QUBO-inspired Molecular Fingerprint for Chemical Property Prediction

Koichiro Yawata,Yoshihiro Osakabe,Takuya Okuyama,Akinori Asahara
DOI: https://doi.org/10.1109/BigData55660.2022.10020236
2023-03-17
Abstract:Molecular fingerprints are widely used for predicting chemical properties, and selecting appropriate fingerprints is important. We generate new fingerprints based on the assumption that a performance of prediction using a more effective fingerprint is better. We generate effective interaction fingerprints that are the product of multiple base fingerprints. It is difficult to evaluate all combinations of interaction fingerprints because of computational limitations. Against this problem, we transform a problem of searching more effective interaction fingerprints into a quadratic unconstrained binary optimization problem. In this study, we found effective interaction fingerprints using QM9 dataset.

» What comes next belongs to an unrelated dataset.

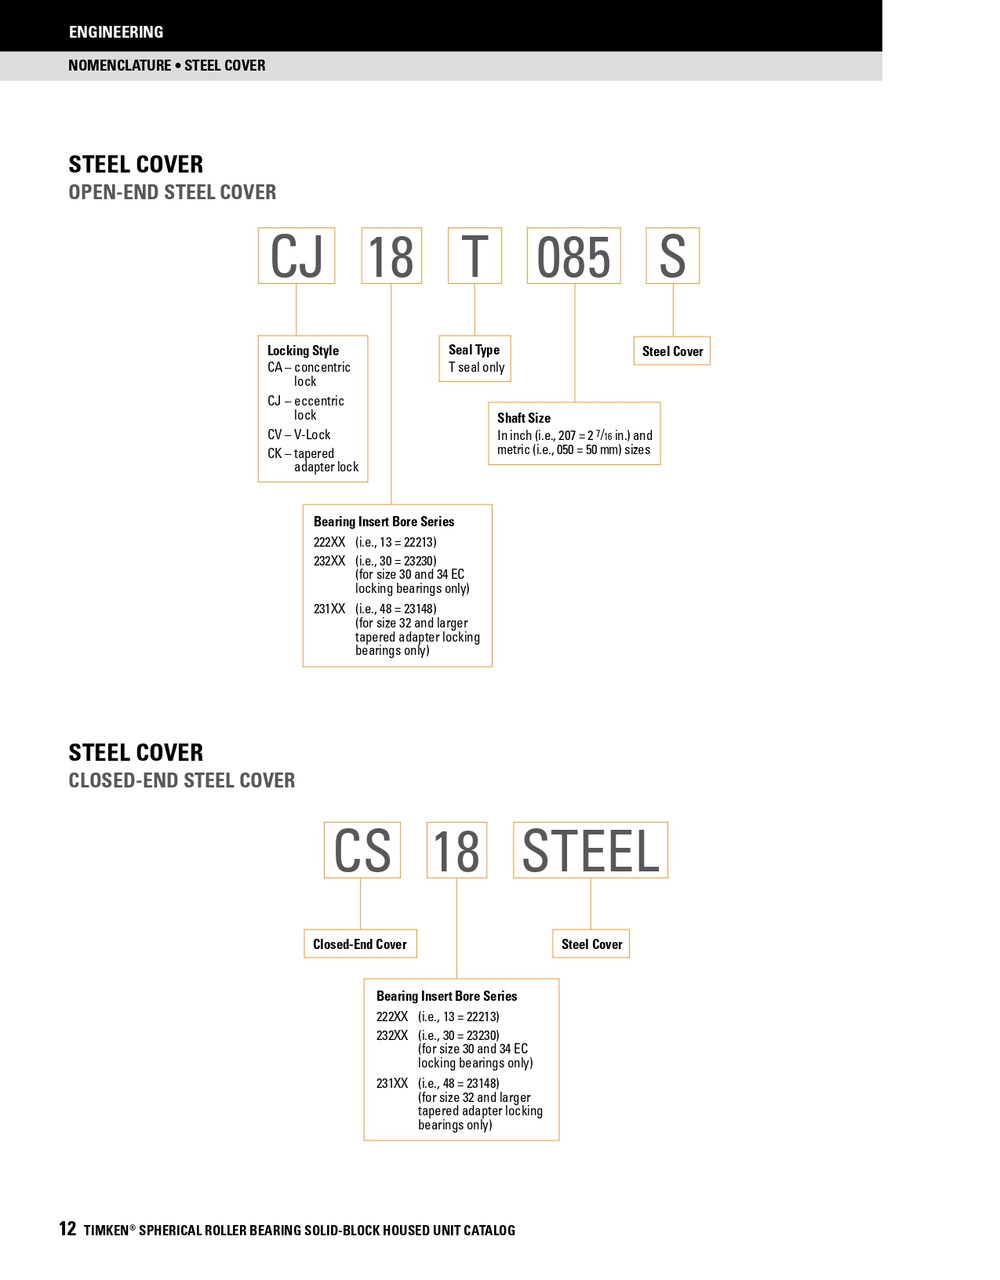 1-15/16" Timken SRB Steel Open End Cover w/Teflon Seal - TA/DV Taper Lock Bushing Type  CK11T115S

Machine Learning,Logic in Computer Science,Biomolecules
What problem does this paper attempt to address?
The main goal of this paper is to develop a new method for generating molecular fingerprints based on the Quadratic Unconstrained Binary Optimization (QUBO) problem, in order to improve the accuracy of chemical property predictions. Specifically, the authors attempt to address the following issues: 1. **Effective Generation of Molecular Fingerprints**: Existing molecular fingerprints may not adequately capture the complex determinants of chemical properties. By generating new interactive molecular fingerprints (i.e., the product of multiple basic fingerprints), researchers aim to find effective fingerprints that can more efficiently describe the relationship between molecular structure and chemical properties. 2. **Overcoming Combinatorial Optimization Challenges**: Evaluating all possible combinations of interactive molecular fingerprints is a computationally challenging problem due to the vast number of combinations involved. To tackle this challenge, the authors transform the problem of finding more effective interactive molecular fingerprints into a QUBO problem, thus enabling the use of techniques such as annealing machines to solve it within a reasonable time frame. 3. **Application of QUBO Decision Trees**: The paper introduces a new method called "QUBO Decision Trees," which combines the advantages of decision trees and QUBO problems to identify molecular fingerprints that can reduce prediction errors. This method can handle interactions between features and optimizes the selection of fingerprints by minimizing the Squared Weighted Mean Squared Error (SWMSE). 4. **Experimental Validation**: Researchers conducted experiments using the QM9 dataset to verify whether the proposed QUBO Decision Tree method can discover effective interactive molecular fingerprints that significantly reduce the error in predicting chemical properties compared to single fingerprints. Through the above research, the paper aims to provide a more efficient and accurate method for predicting chemical properties, especially when dealing with complex molecular structures.